Not sure whether it's a feature or bug/regression.

I'm in the process of upgrading from anyio 3 to anyio 4.

So far we've explicitly designed our code in a way that no more than 1 exception will be raised in a task group. (By making sure only one code path will result in an exception.) This worked great, and prevented us from having to deal with exception groups. We still support Python 3.8 so, that's important to us.

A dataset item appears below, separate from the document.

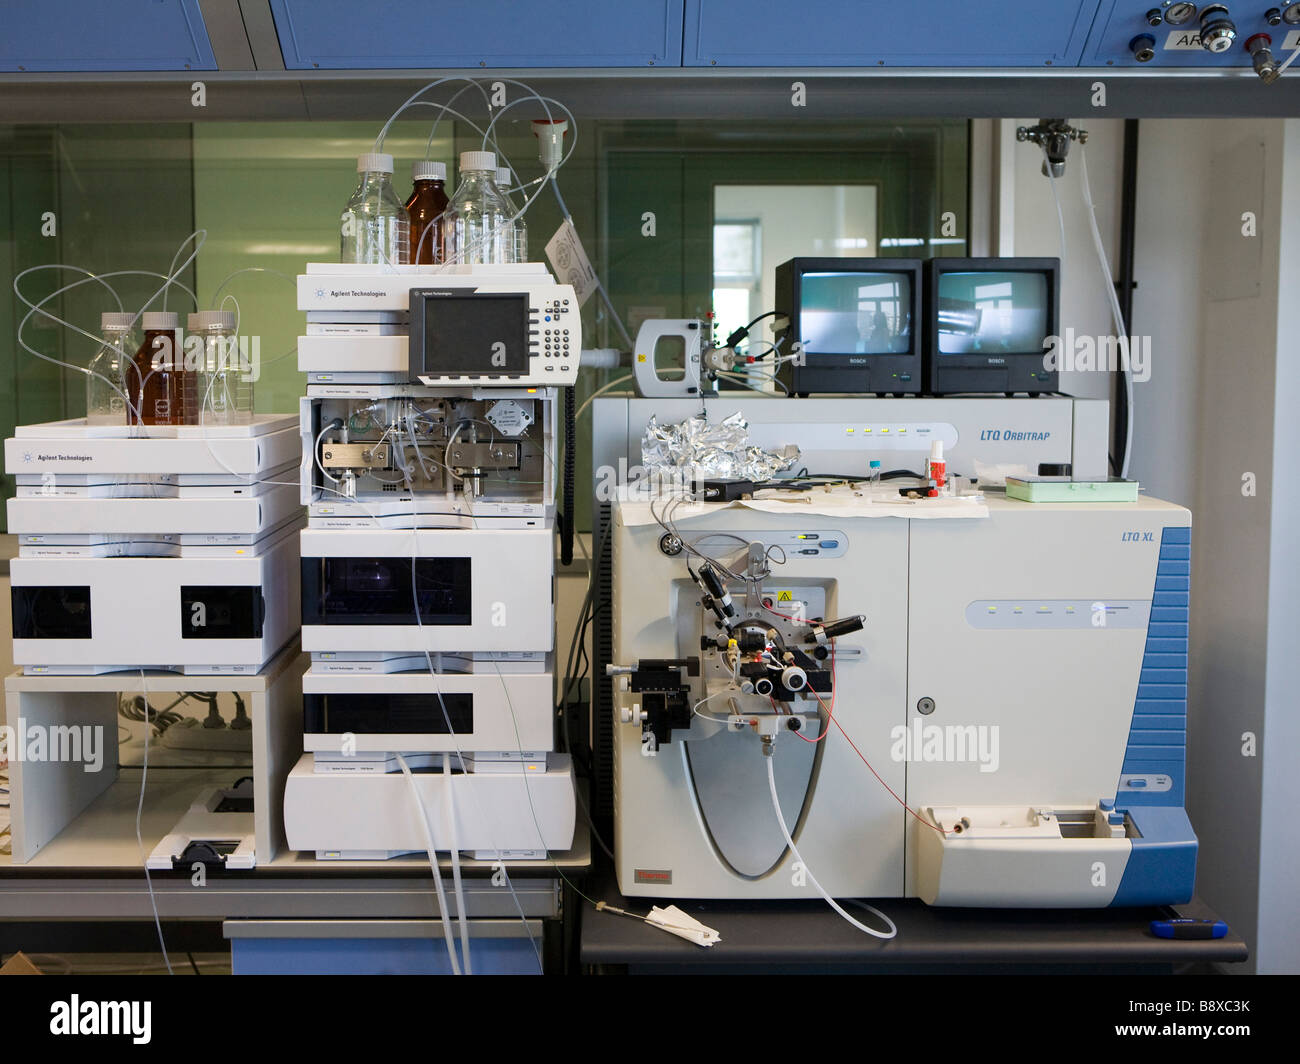 Hplc et un spectromètre de masse, Istituto di Ricerche farmacologiche Mario Negri, Milan, Italie Banque D'Images

However, after upgrading to anyio 4, even if there is only one exception raised as part of a task group, it will be wrapped in an ExceptionGroup. This means, we have to use the with catch() syntax which is quite cumbersome, and everywhere. That's a huge amount of work, and boilerplate to add. :'(.

It would be nice if the code could be modified so that on Python<3.11, if there is only one exception, it won't be wrapped. The change is very simple, and should be backward compatible.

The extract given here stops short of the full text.